Удивление перед жизнью. Воспоминания - Виктор Розов
Шрифт:
Интервал:
Закладка:
– Перед смертью мама сказала: «У меня была хорошая, счастливая жизнь…»
Главной заботой Людмилы Яковлевны была ее семья. У жены писателя особая жизнь. Обыкновенная жена не видит мужа с утра до прихода с работы. Писательская жена находится рядом с мужем круглосуточно. Она незримый персонаж всех его романов, пьес, стихов. Создать благоприятные, нормальные условия для работы мужа, не отвлекать его на заботы быта, освободить от ненужной информации, от встреч с неожиданными визитерами, не звать к телефону – словом, организовать наилучшие условия для его труда, – со всеми этими непосильными заботами блестяще справлялась Людмила Яковлевна. Скажем прямо, она была талантливой женой. И – не только женой, но и матерью. С Таней, дочерью от первого мужа, известного ленинградского театрального художника С. Манделя, были у Людмилы Яковлевны и Александра Петровича самые дружеские отношения, какие только можно пожелать всем родителям на свете. Таня, например, звала своего отчима не по имени и отчеству, а просто и ласково: «Шурик». Младший сын Петя рос ребенком, прямо скажем, необычайно озорным, охочим до резких выходок. Александр Петрович как бы затыкал уши и закрывал глаза на все проделки сына. А Людмила Яковлевна упорно и систематически наставляла подростка «на ум» и дипломатично сглаживала следы его проделок, и в результате вырос способный режиссер, ставивший спектакли в замечательных театрах Москвы – МХАТе, «Ленкоме».
Но стержнем ее жизни был Александр Петрович. Его смерть она поначалу восприняла мужественно и просветленно. Не раз повторяла: «Вы подумайте, он даже не успел ничего осознать, не успел испугаться». Она как бы радовалась такой его счастливой смерти. Однако, как я заметил, с уходом Александра Петровича у Людмилы Яковлевны стала уходить и почва из-под ног. Конечно, оставались дети и их семьи, но главный смысл жизни исчез. К глубокому горю прибавилось и несчастье – Людмила Яковлевна упала и сломала шейку бедра. Лежа в своей красивой, но опустевшей квартире, она попросила рядом с собой поставить урну с прахом Александра Петровича и, дотягиваясь до нее рукой, поглаживала, как бы обещая скорое свидание. Так и хоронили на Ваганьковском кладбище сразу две урны: Людмилы Яковлевны и Александра Петровича.
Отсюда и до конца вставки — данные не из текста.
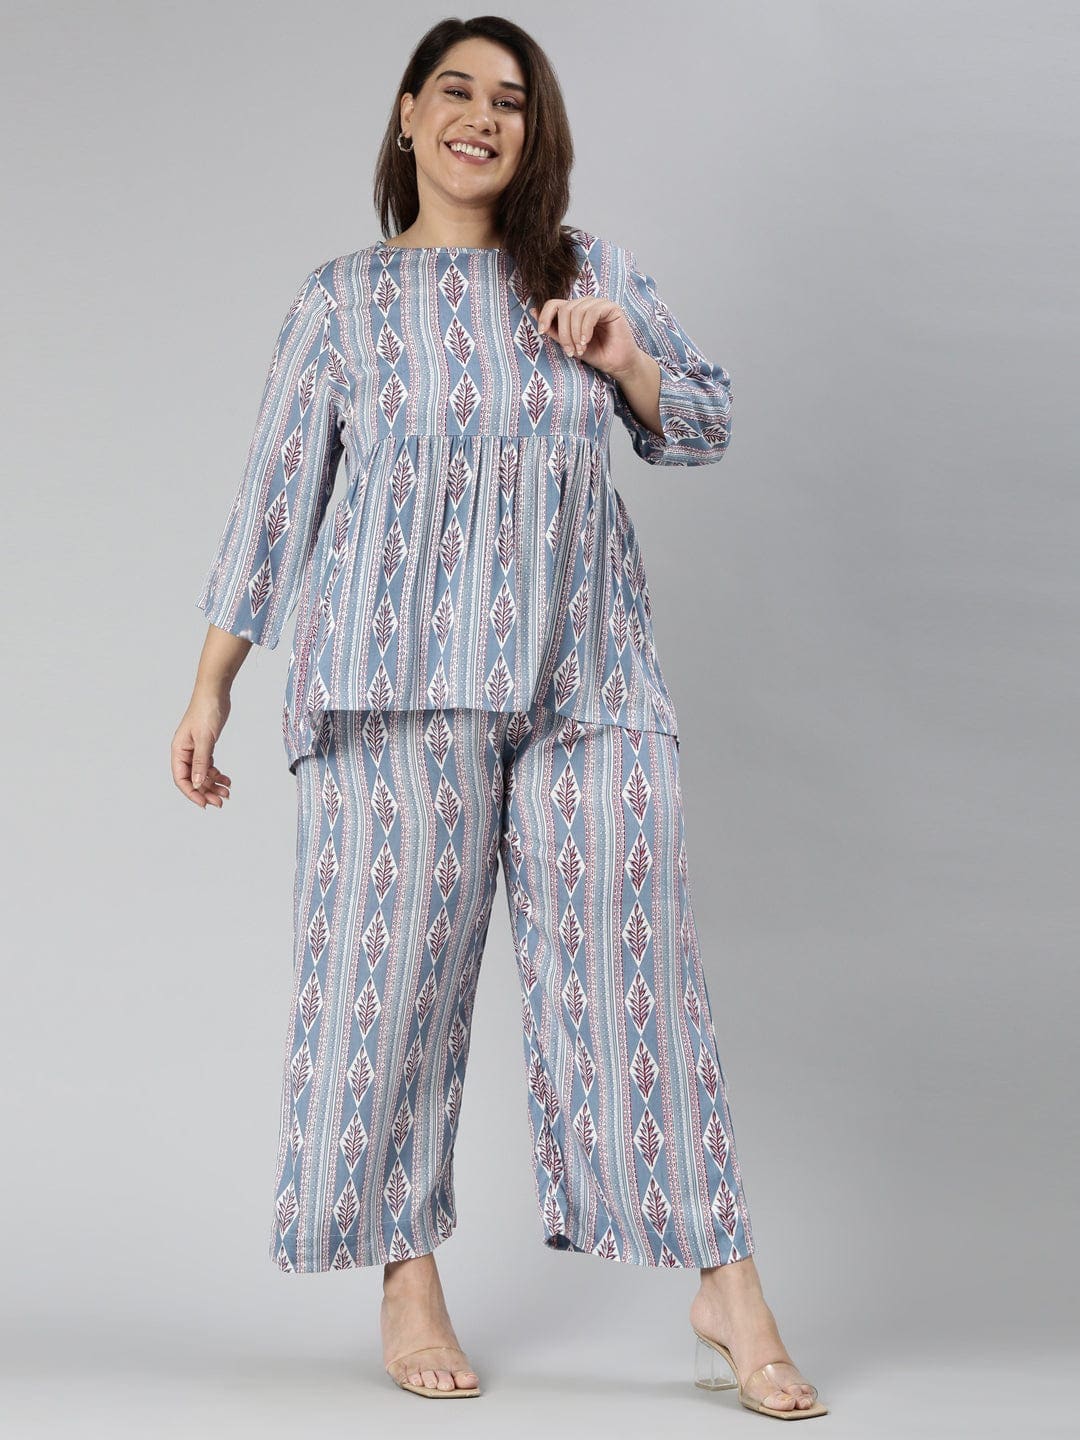 Buy  peplum dress /Women's /Blue ethnic printed /peplum top /palazzo pant on online from the Shailink ethnic printed /peplum top /palazzo pant on online from the Shaili

На поминках, где друзья покойной битком набились в комнаты и даже стояли на лестничной площадке, очень точно сказал о Людмиле Яковлевне Григорий Горин: «Она была человеком беспринципным…» На первый взгляд это показалось даже кощунственным, но он пояснил: «Слишком много развелось людей принципиальных». Под его словами подразумевалось, что Людмила Яковлевна считалась с чужими мнениями по тому или иному поводу, но ценила каждого только по его творческой или даже просто трудовой деятельности. Лично с моими взглядами на нашу современную действительность она соглашалась далеко не всегда, но это не мешало нам звонить друг другу по два, а то и по три раза в день.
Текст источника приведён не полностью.